Anger became my armor, my protection against the world that had given me nothing but isolation. My mother worked long hours to keep us afloat, leaving me to raise myself, and like most kids left to their own devices, I created a reality that was dark, hard, and often reckless. I fought constantly—not for victory, but because I had nothing to lose. Whether it was in wrestling, where I took on the heavyweight as a scrawny 98-pounder, or in everyday life, where I would swing first just to prove I wasn’t afraid, fighting was my language.
Even into adulthood, that fire didn’t die easily. I still remember playing shortstop for the church softball team when an argument over a tag turned into an all-out brawl. It didn’t matter that we were in a church league. It didn’t matter that it was just a game. I reacted the only way I knew how—by fighting. We were both ejected, right there in church softball. Who does that?
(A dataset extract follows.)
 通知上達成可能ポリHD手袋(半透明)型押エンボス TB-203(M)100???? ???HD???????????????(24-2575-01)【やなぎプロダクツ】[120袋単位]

Then, I met Mark Ruppert Sensei. He was everything I wasn’t—calm, composed, controlled. A towering man at 6’4” and 260 pounds, and he had never been in a fight. That fascinated me! How could someone that big, that strong, have never needed to fight? At the time, I was going to church and hearing sermons about peace and love, yet when things escalated, there I was swinging like I was the third monkey on my way up to Noah’s Ark—and it was raining*
I started training with Sensei Mark Rubbert in Aikido, a martial art that didn’t just teach martial techniques but a way of thinking, a way of being. I learned to find my center, to breathe, to relax more completely—concepts that seemed foreign to someone wired for conflict. Instead of responding with fists, I learned to respond with control, balance, posture, and awareness. Slowly, the anger that had once defined me began to dissolve. Sense Rubbert passed away just over a year ago and I am gratefully, eternally indebted to him and his lineage of teachers.
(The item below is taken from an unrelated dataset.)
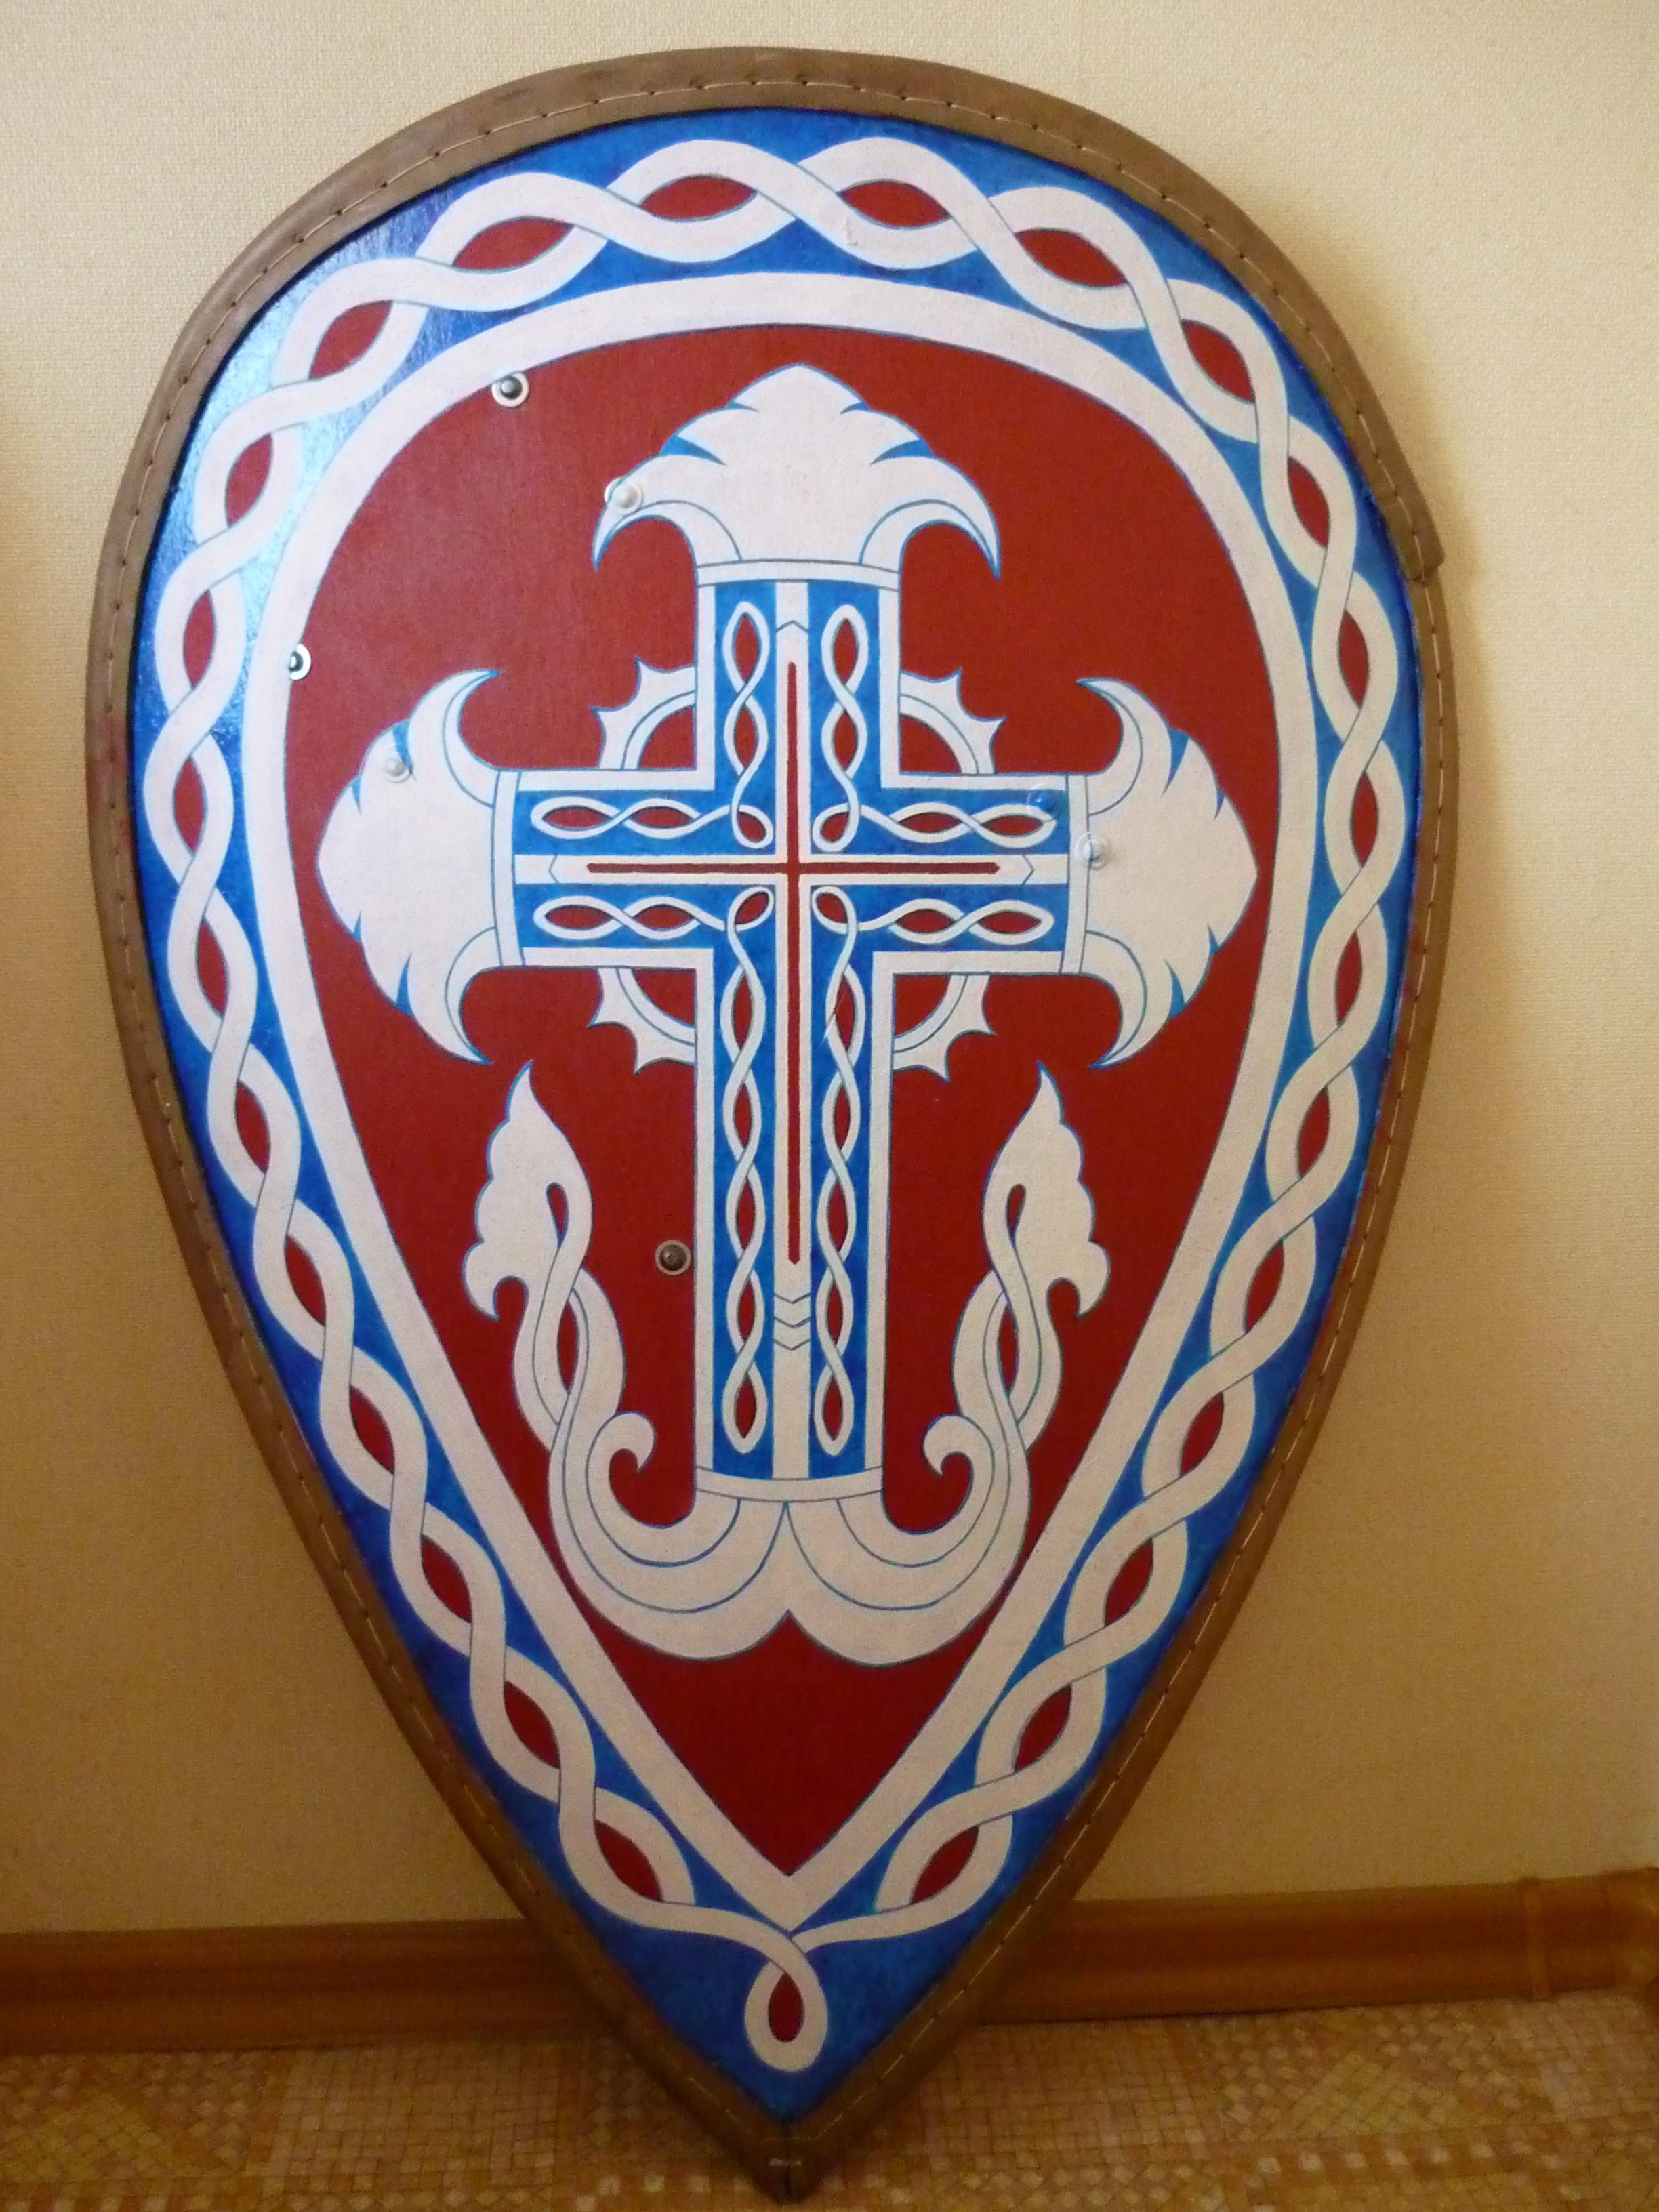 Изготовление фанерного щита » SwordMaster 79

That was thirty-three years ago and I am still training. Have I been anywhere near perfect since? No. There have been moments where old instincts crept in, moments where anger flared before I could contain it. But I’ve never been in another fight since stepping onto the mat with Sensei Rubbert.
Martial arts didn’t just change how I move—it changed how I think. “Martial arts inspire us to be better people and teach us how to treat others.” I see that truth now. Ki-Aikido helped teach how the fight can be over, before it even begins*
Fighting used to be my survival mechanism, but now, it’s my reminder of how far I’ve come. I no longer fight because I have nothing to lose. I fight every day to hold on to what I’ve gained—peace, control, and the ability to choose my battles much more wisely.
And that is the greatest victory of all.